9. (Optional) For MLflow

Ensure a private docker registry is available for MLflow images.
Kubernetes Cluster should be operational.
Artifact Storage Configuration:
- MLFlow generates artifacts when a model is registered, which can be stored in either S3 or NFS.
- If using S3 or Ceph for artifact storage, ensure you have the following credentials:
  - S3 Access Key
  - S3 Secret Key
  - S3 Endpoint URL
If using NFS, make sure you have the PVC (Persistent Volume Claim) name that the Gathr pod is using to share the path between the Gathr and MLFlow pods.
(Optional) Private Docker Registry Access should be available to pull from the private docker repository.

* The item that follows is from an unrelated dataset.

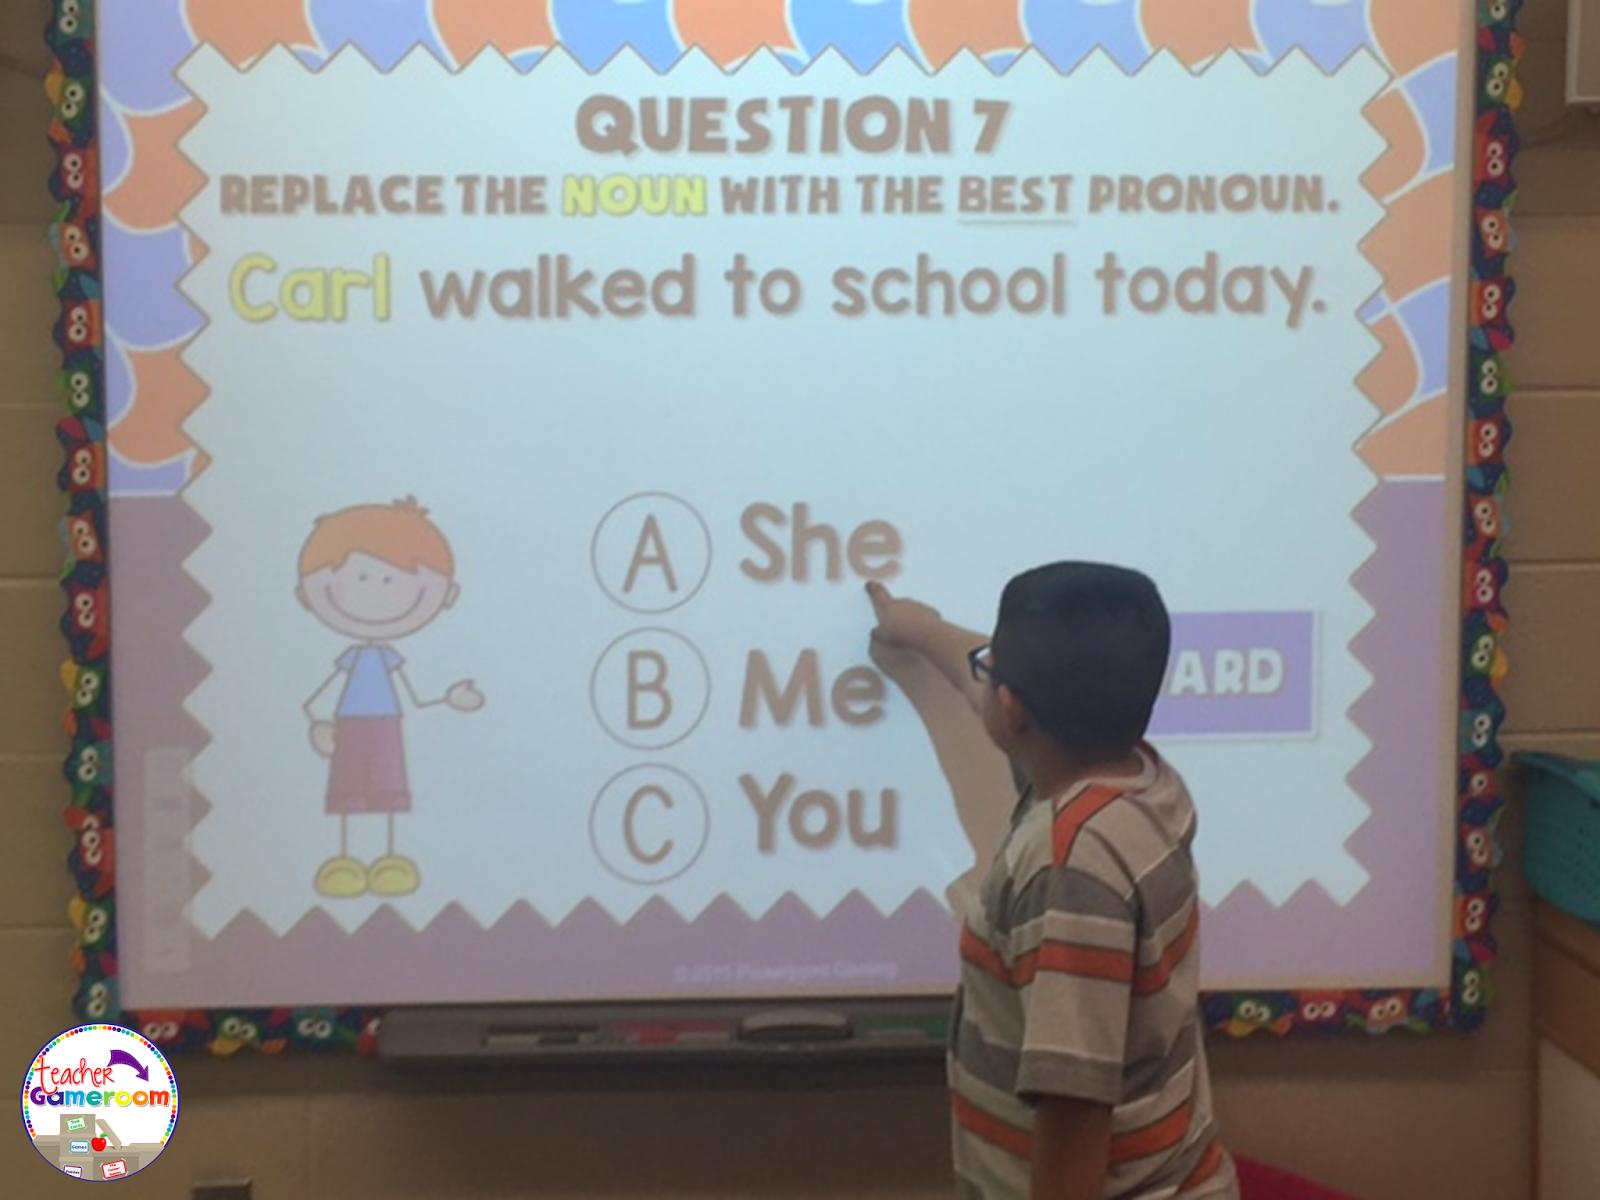 Teacher Gameroom Replacing Nouns With Pronouns

Steps to Install Gathr and Supported Components

Download the playbook bundle shared by the Gathr team.
Extract the bundle using the following command:
```
tar -xzf GathrBundle.tar.gz
```
Navigate to the Playbook Path:
```
cd /path/to/playbook
```
Open the saxconfig_parameters file with a text editor. Refer comments in the file to modify the configuration properties as required for your environment.
Execute the following command to reload the Ansible variables:
```
./config.sh
```

Execute the playbook with the following command:

export ANSIBLE_DISPLAY_SKIPPED_HOSTS=false
ansible-playbook -i hosts installGathrStack.yml -vv

Post Deployment Validation

Navigate to the Gathr UI using the URL http://<GATHR_HOST>:8090/. When the interface loads, a license agreement page will display:
Check the “I accept” box and click the “Accept” button.
The Upload License page will then be visible:
Upload your valid Gathr license and click “Confirm”.
Proceed by clicking “Continue” on the welcome page:
This will lead you to the Login Page:
Log in using the default superuser credentials:
- Email: super@mailinator.com
- Password: superuser
The deployment of Gathr is now complete.